Varying inlier ratio compared to mean (a) accuracy, (b) precision, (d) recall, and (e) fall-out for the “wall” dataset from Mikolajczyk et al. [5, 6] using FAST keypoints & FREAK descriptors. Moreover, the mean (c) precision and (f) recall are shown for the KITTI disparity dataset [4] using SIFT features. For abbreviations see Sect. 4.

4.3 Matching Quality Evaluations

To asses the matching quality in comparison to the other algorithms, we evaluate the common quality measures precision and recall, but also accuracy and fall-out. The mean values of those quality measures are shown in Fig. 6 Footnote 11. In order to perform a fair comparison with our algorithm, a ratio test was performed on the results of each matching algorithm.
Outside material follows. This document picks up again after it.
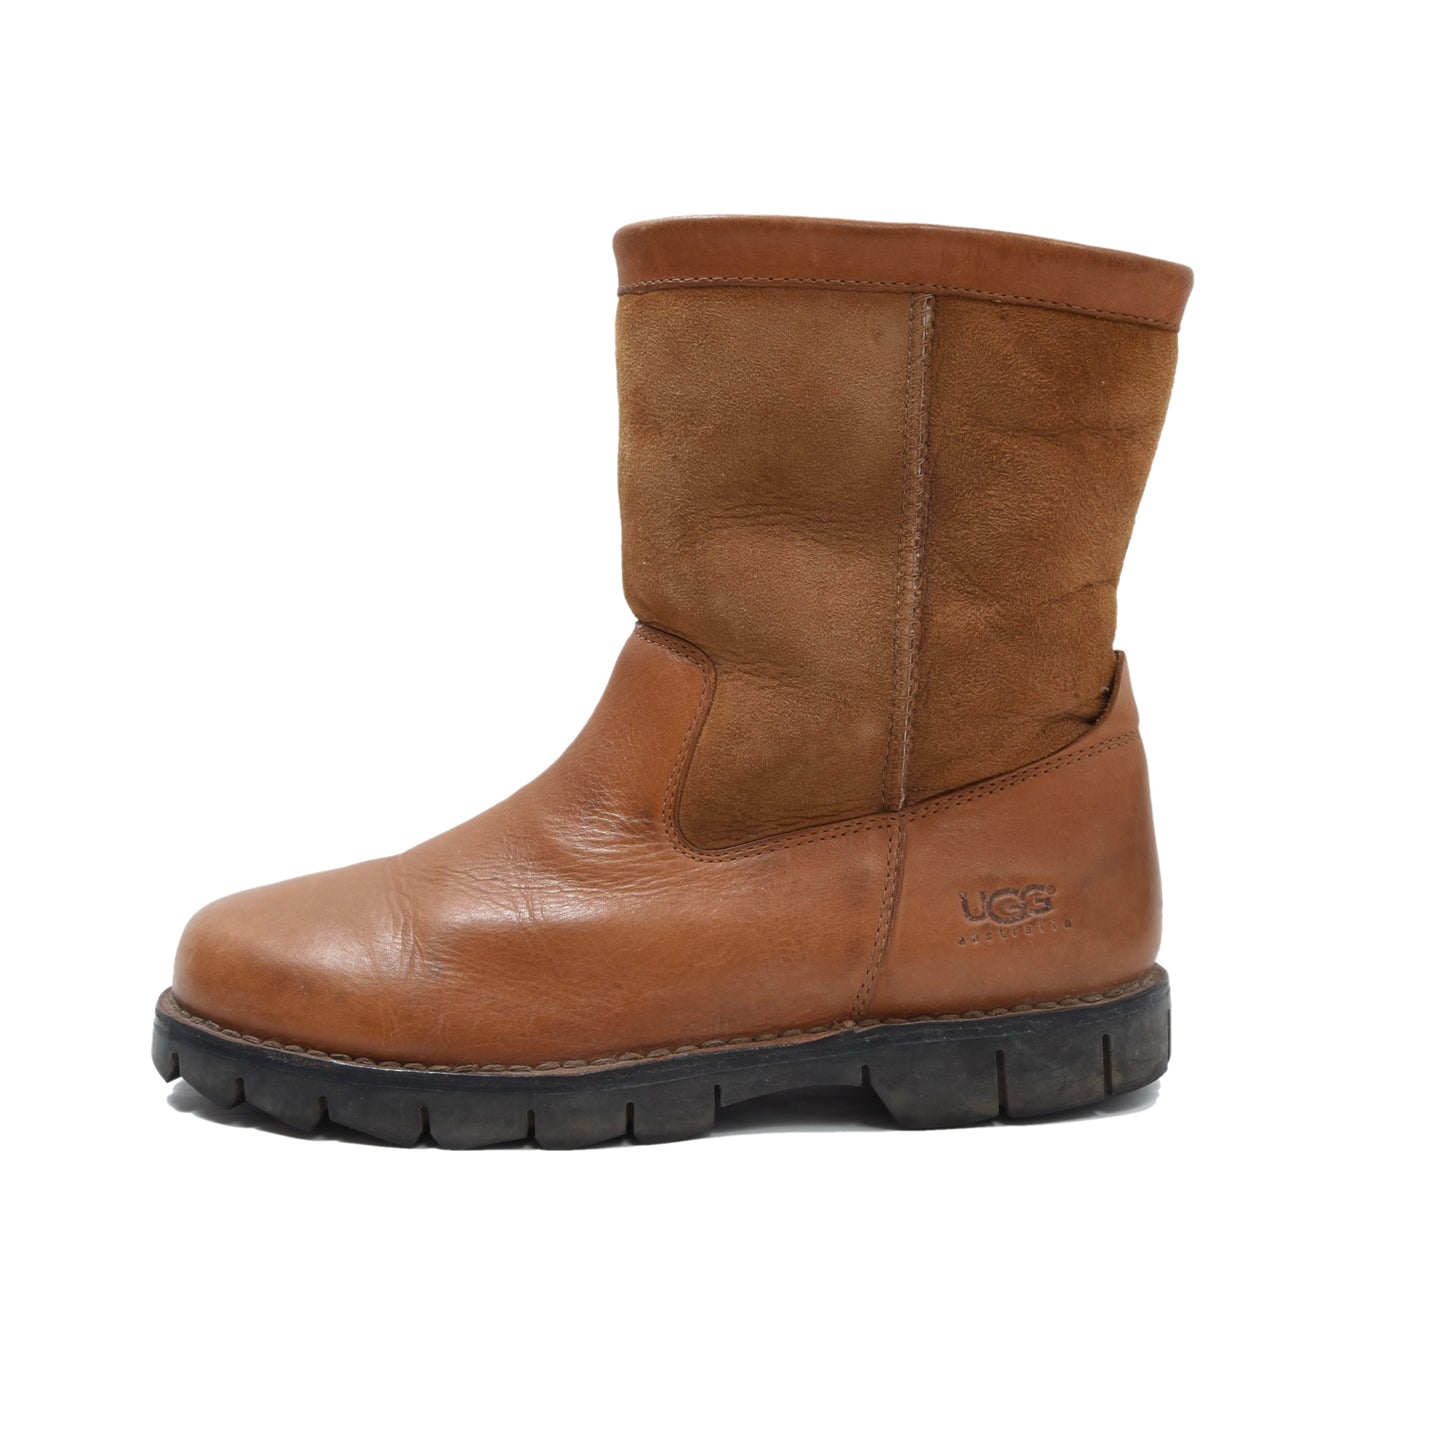 Ugg Shearling Beacon Boots Size EU 42 USA 10 - Tan/Brown

Comparing our algorithm to the others, we observe a significantly higher recall, and a slightly higher fall-out. These characteristic differences can consistently be observed for all datasets (examples are shown in Fig. 6(d)–(f)). Both differences can be traced back to the very small search space during the guided matching process originating from the estimated SOF. Our solution, in contrast to other algorithms, is more robust against repetitive or similar patterns as long as they appear only once within our search radii \(\mathbf {s}\) and it is possible to find initial matches sufficiently distributed over the whole image. This yields higher recall.

5 Conclusion

In this paper we presented our novel approach for highly efficient and fast feature matching, called Guided Matching based on Statistical Optical Flow (GMbSOF). It estimates the search space using statistics for certain areas of the image determined by a subset of matched features. Using these, we constrain the search space which dramatically accelerates the matching process. In most publications, matching algorithms are only tested using precision and recall, which are in fact very meaningful. However, in our opinion accuracy and fall-out are also very important for classification of a matching algorithm. To compute these quality measures, true negatives are required. Therefore, we developed a framework to determine true negatives and ground truth matches from datasets providing spatial ground truth information. A comprehensive comparison with relevant state-of-the-art algorithms showed that our method outperforms all of them in terms of processing time while achieving comparable matching quality. The limitation of our approach is the reliable detection of very small dynamic objects, as it is likely that they are filtered out during the calculation of the statistical optical flow.